The alp is the communal summer pasture that supports the village cow herd from June to September, in order to allow the grass in the valley meadows to be harvested as hay. Meadows are fertilized with composted manure so desirable grasses predominate and hay can be harvested each year without letting fields lie fallow. No one is permitted to send more cows to the alp than he can winter, to bring animals for temporary pasturage, or to sell a cow within a stipulated period of time after the end of the alp season. Trees anchor the mountainside soil, protect the watershed, reduce avalanche danger. They shelter livestock during storms. The alp limits the growth of forests and the spread of settlement and thus makes possible the Alps, a vacationland.
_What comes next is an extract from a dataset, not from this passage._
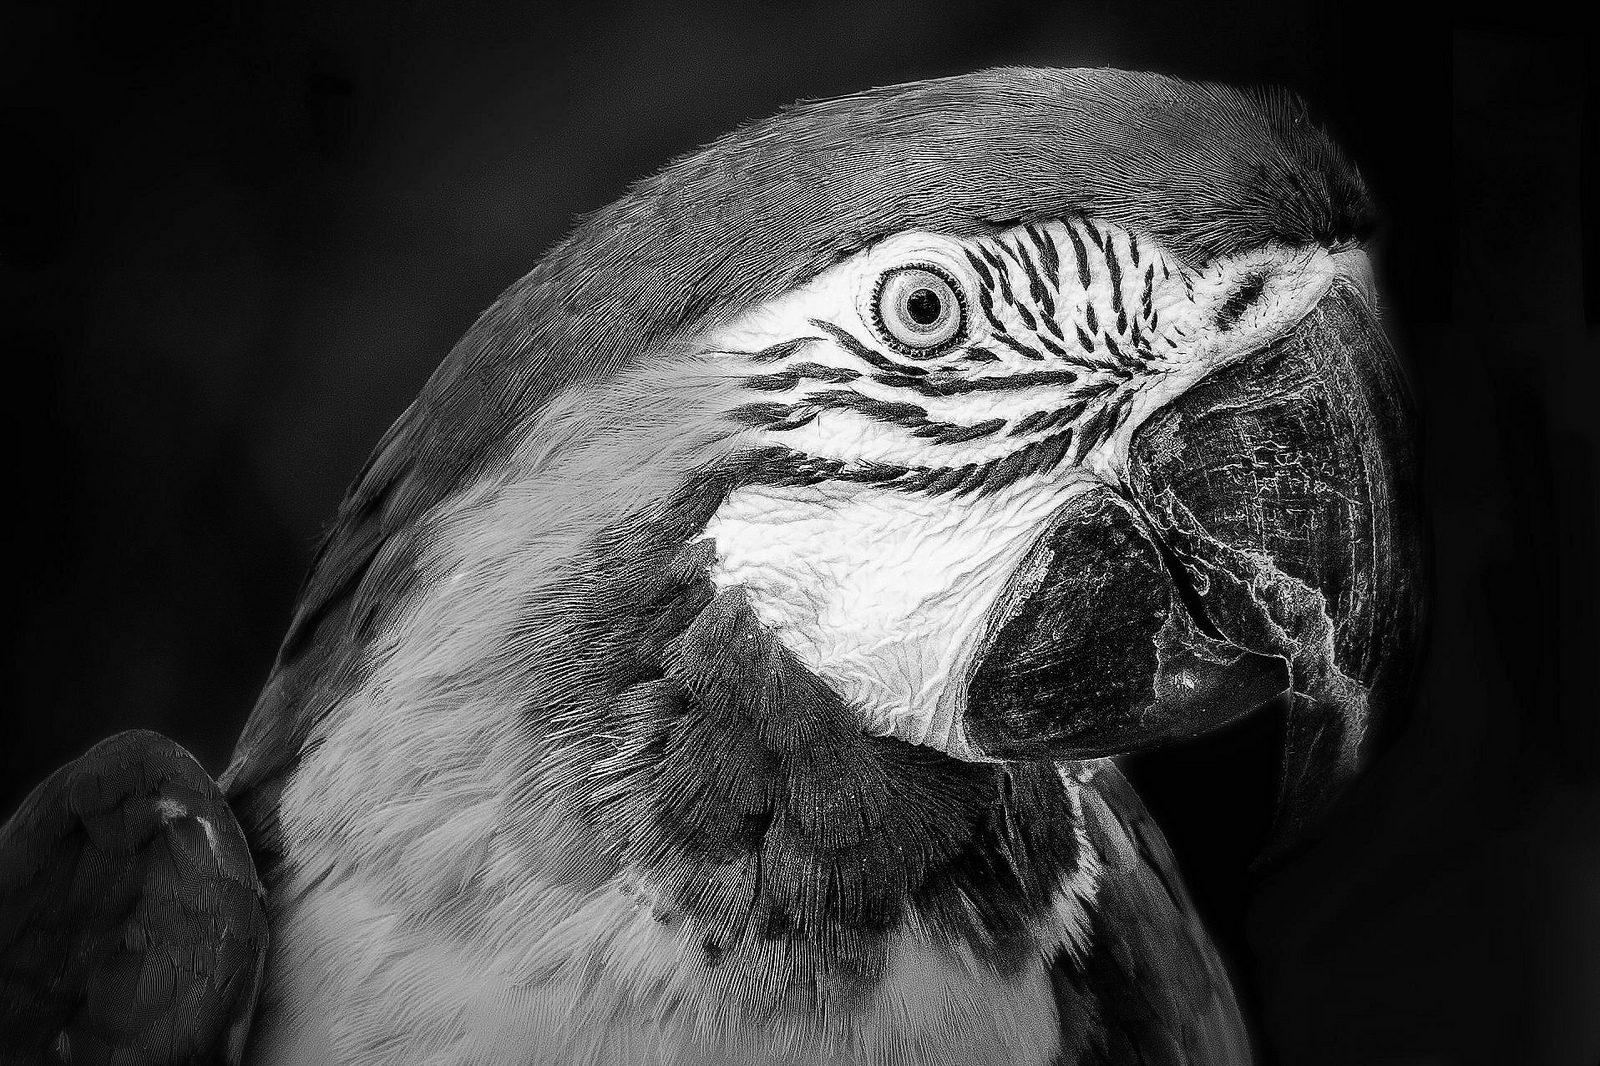 Black and white close up photo of an ara parrot.

The communal localism that resists (male) in-migration and favors out-migration, regulates existing renewable resources by preventing overgrazing. Men emigrate as mercenaries or to build tunnels. They become Swiss Guards at the Vatican or royal bodyguards to the French king. Men and women inherit equally through partible inheritance, but residence, even if it includes ownership but does not include descent through the male line from a prior member of the community, does not include citizenship. Descendants who have never lived in the village are citizens; those who are not citizens, in spite of wealth and influence, are denied membership in the community. Thrift is encouraged, and risk is to be avoided. No one ends up landless; no one ends up rich. Many remain celibate.
Those who go to school might become priests or postal bus drivers or ski instructors. Those who leave are likely to return to spend their vacations harvesting hay.
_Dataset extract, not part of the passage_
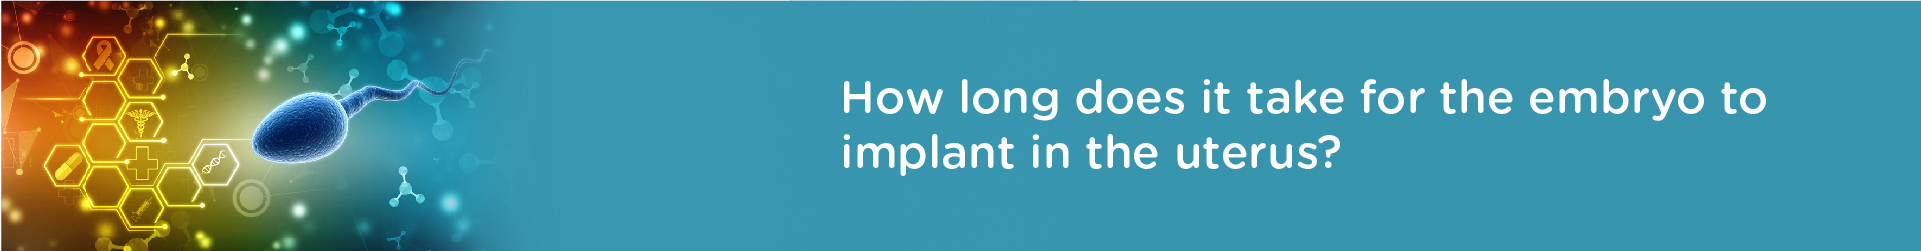 How long does it take for the embryo to implant in the uterus?

The Alps are the most environmentally threatened mountain
system in the world.
Of all tourists, 75 percent arrive by private car.
The Mountaineer
The first mountaineers are people who live in the mountains, chamois hunters, and crystal gatherers. Those who come to the mountains are known as travelers or “strangers.” In 1827 “Switzerland” is still used to describe any area of France, Savoy, Piedmont or Italy that contained mountains.
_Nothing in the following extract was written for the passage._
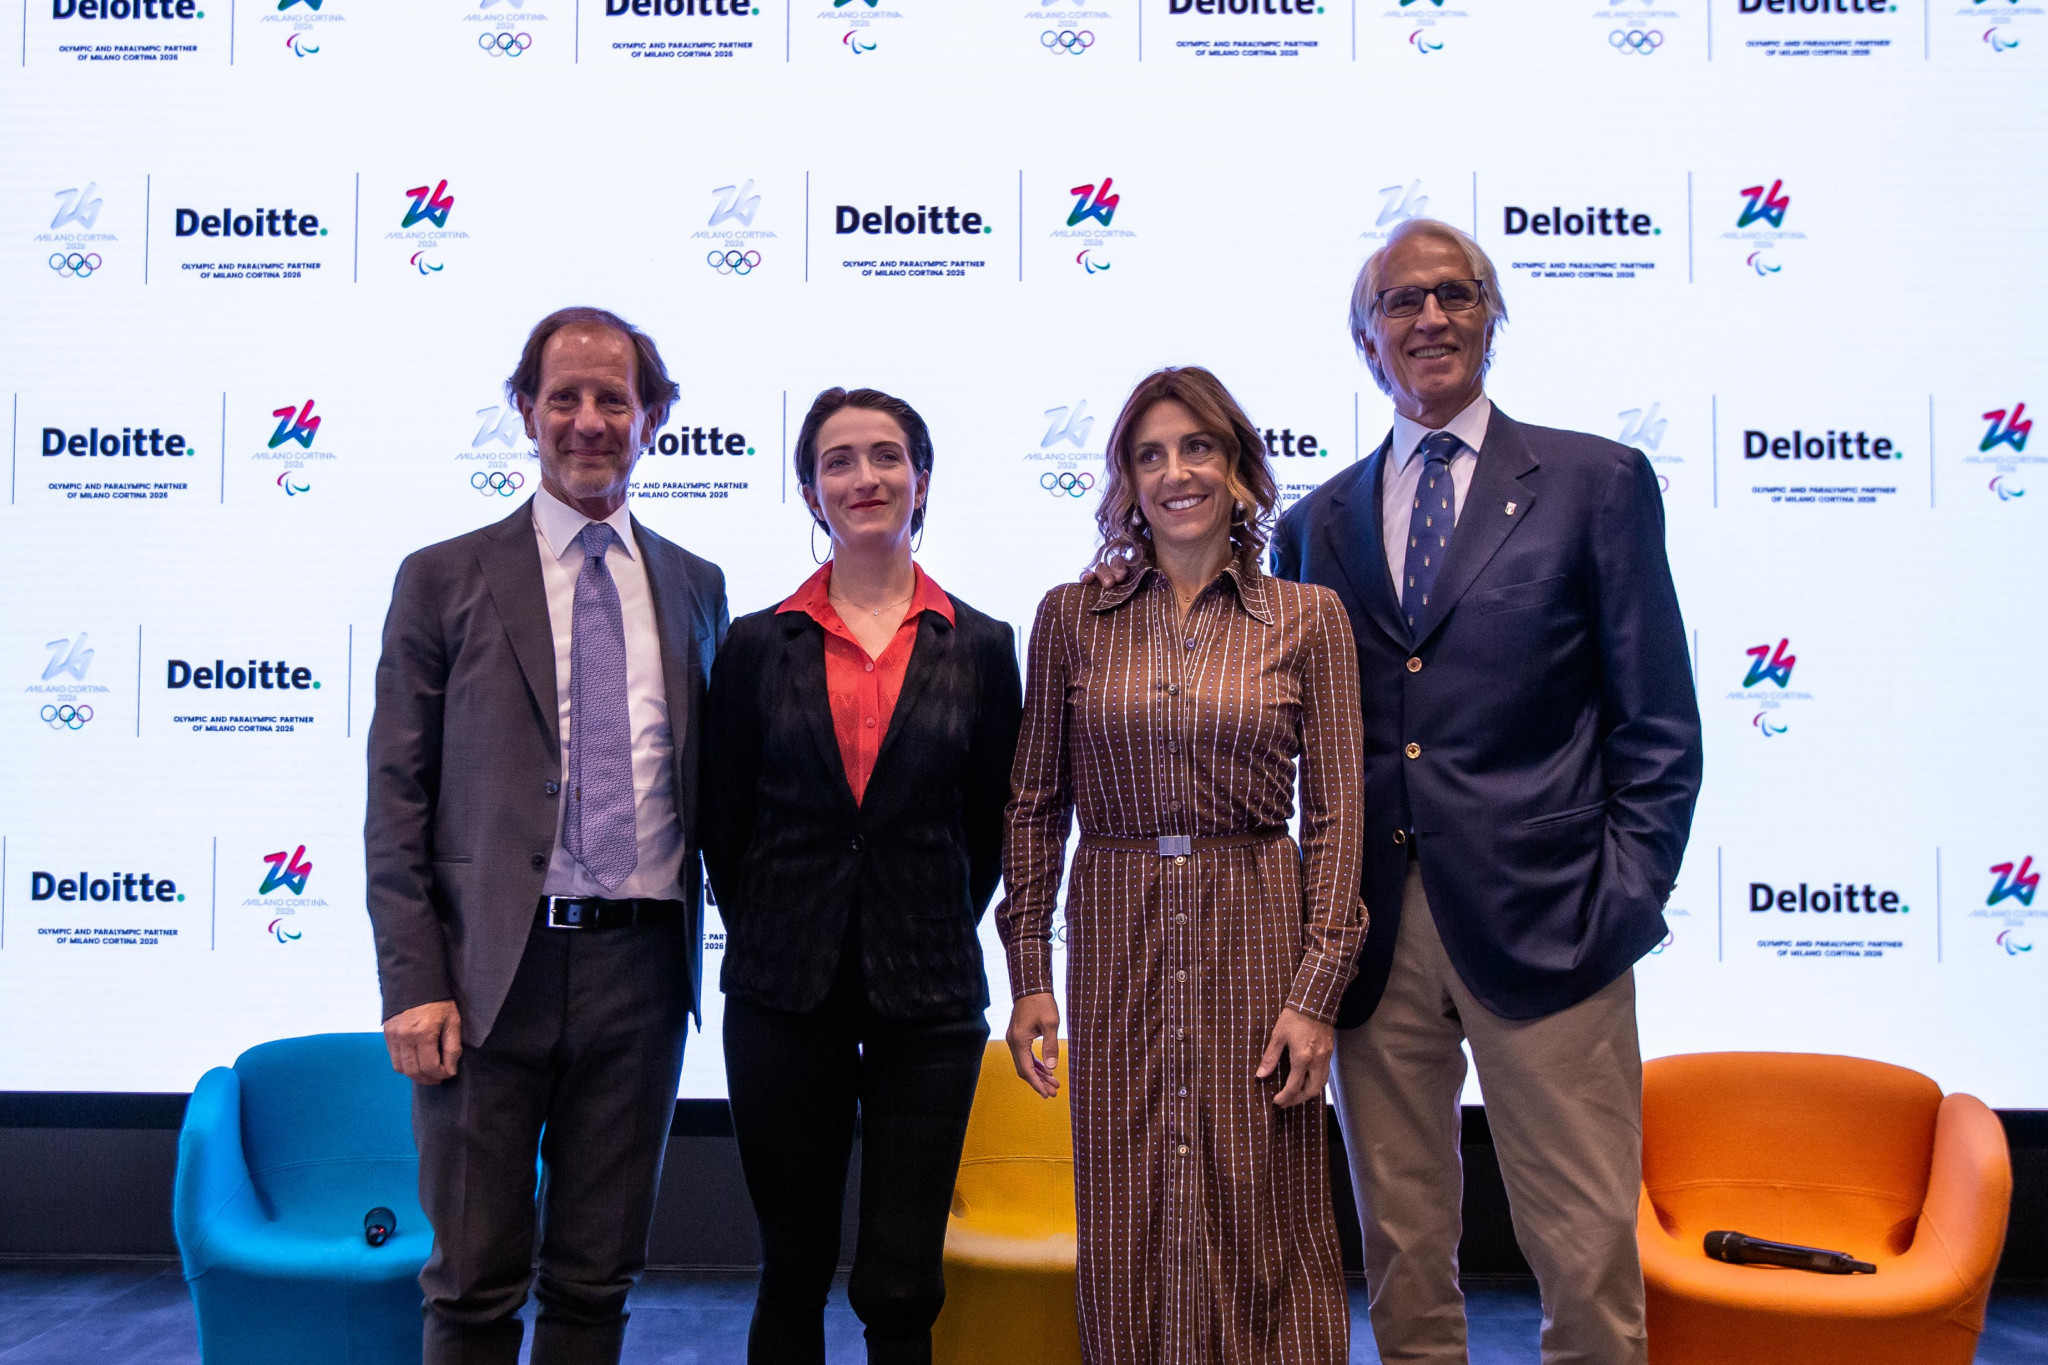 Milan Cortina 2026 organisers sign deal with Deloitte Italia

The initial strangers are scientists who come with thermometers and barometers to study glaciers, avalanches, thunderstorms, the boiling point, and red snow.
In 1723 Johann Jacob Scheuchzer, a Swiss professor of physics and mathematics at the University of Zürich, fellow of the Royal Society of London, and correspondent of Isaac Newton and Gottfried Leibniz, draws up a compendium, canton by canton, of all species of dragons known to exist in the Swiss Alps. He is the first to study the Föhn.
In 1729 Albrecht von Haller, a Bernese physician and mathematician, compiler of the first book on Swiss flora and director of the salt-works at Roche, publishes a poem titled Die Alpen, a didactic poem subtitled “An Attempt at Swiss Poetry,” reprinted thirty times in his own lifetime. The first edition is printed anonymously, the second with Haller’s name, and subsequent editions with his name followed by numerous honorary titles. He is the first Swiss to be read outside of Switzerland, although German is for him a foreign tongue. He speaks Swiss-German and French, but he writes in German to prove that it is as suitable as English for didactic poetry. For some, “Swiss writer” is no longer an oxymoron. From 1976 to 2000, Haller appears on the Swiss 500-franc banknote.